Ontario’s Aa2 debt rating and stable outlook are supported by a manageable debt burden, large, diversified economy and considerable fiscal policy flexibility, says Moody’s Investors Service says in its annual report on the province.
“Ontario’s outlook is stable, reflecting positive economic fundamentals that support a broad tax base, tempered by spending pressures that are generating additions, over the medium-term, to net direct and guaranteed debt,” says Moody’s vp David Rubinoff, lead analyst for Ontario.
The province’s fiscal plan calls for a balanced budget by 2008-09 while continuing to provide increased funding for priority areas including health care, education and infrastructure.

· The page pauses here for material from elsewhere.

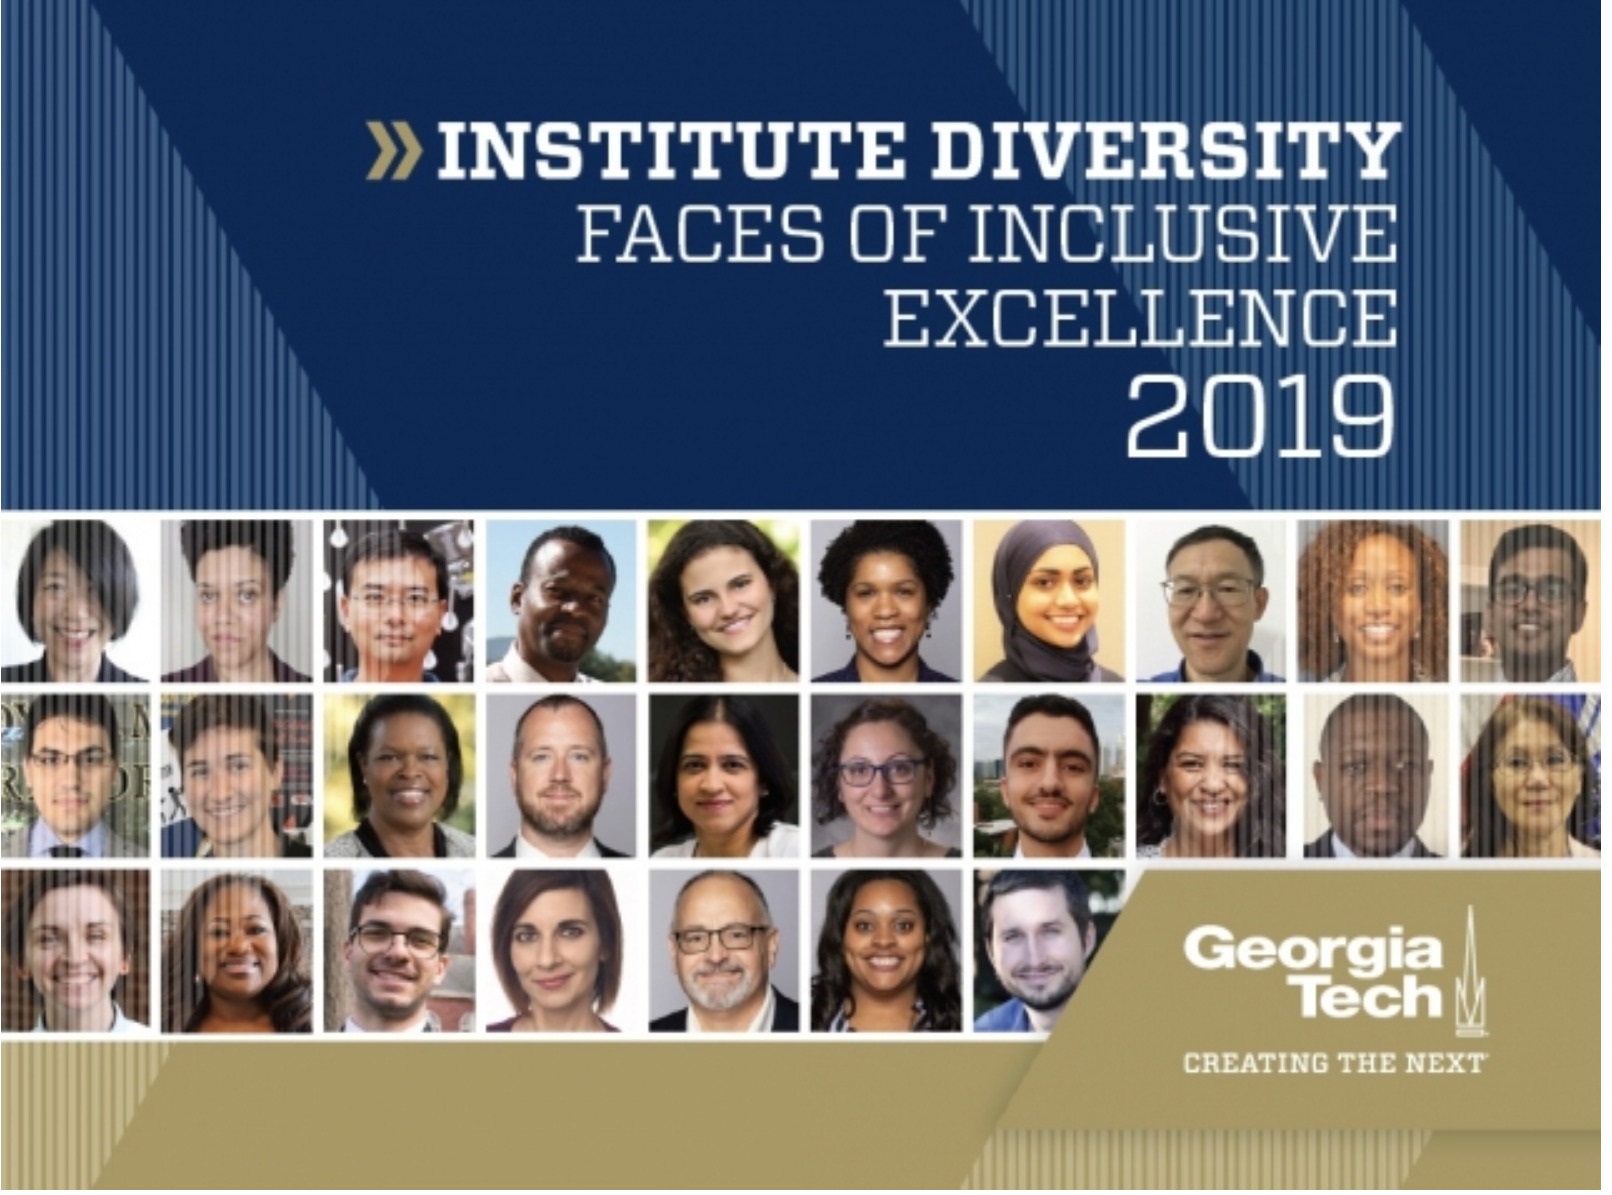 https://campaign-image.com/zohocampaigns/469179000001869048_zc_v81_dondge_faces_of_inclusive_excellence_gt.jpg

“Attainment of the expense targets contained in the fiscal plan will present a challenge, given that growth rates experienced in recent years have been considerably higher than those included in the plan,” says Rubinoff, “however, the plan does make use of a contingency reserve, providing some added flexibility.” If the reserve is not needed, the fiscal plan could generate a balanced position by 2007-08.
The Ontario economy, generating roughly 40% of Canada’s GDP, provides an abundant tax base to support government requirements. Per capita income has long exceeded the Canadian average, and Ontario regularly outperforms Canada by many economic growth measures. In 2005, the province recorded real GDP growth of 2.8%, following 2.7% the previous year.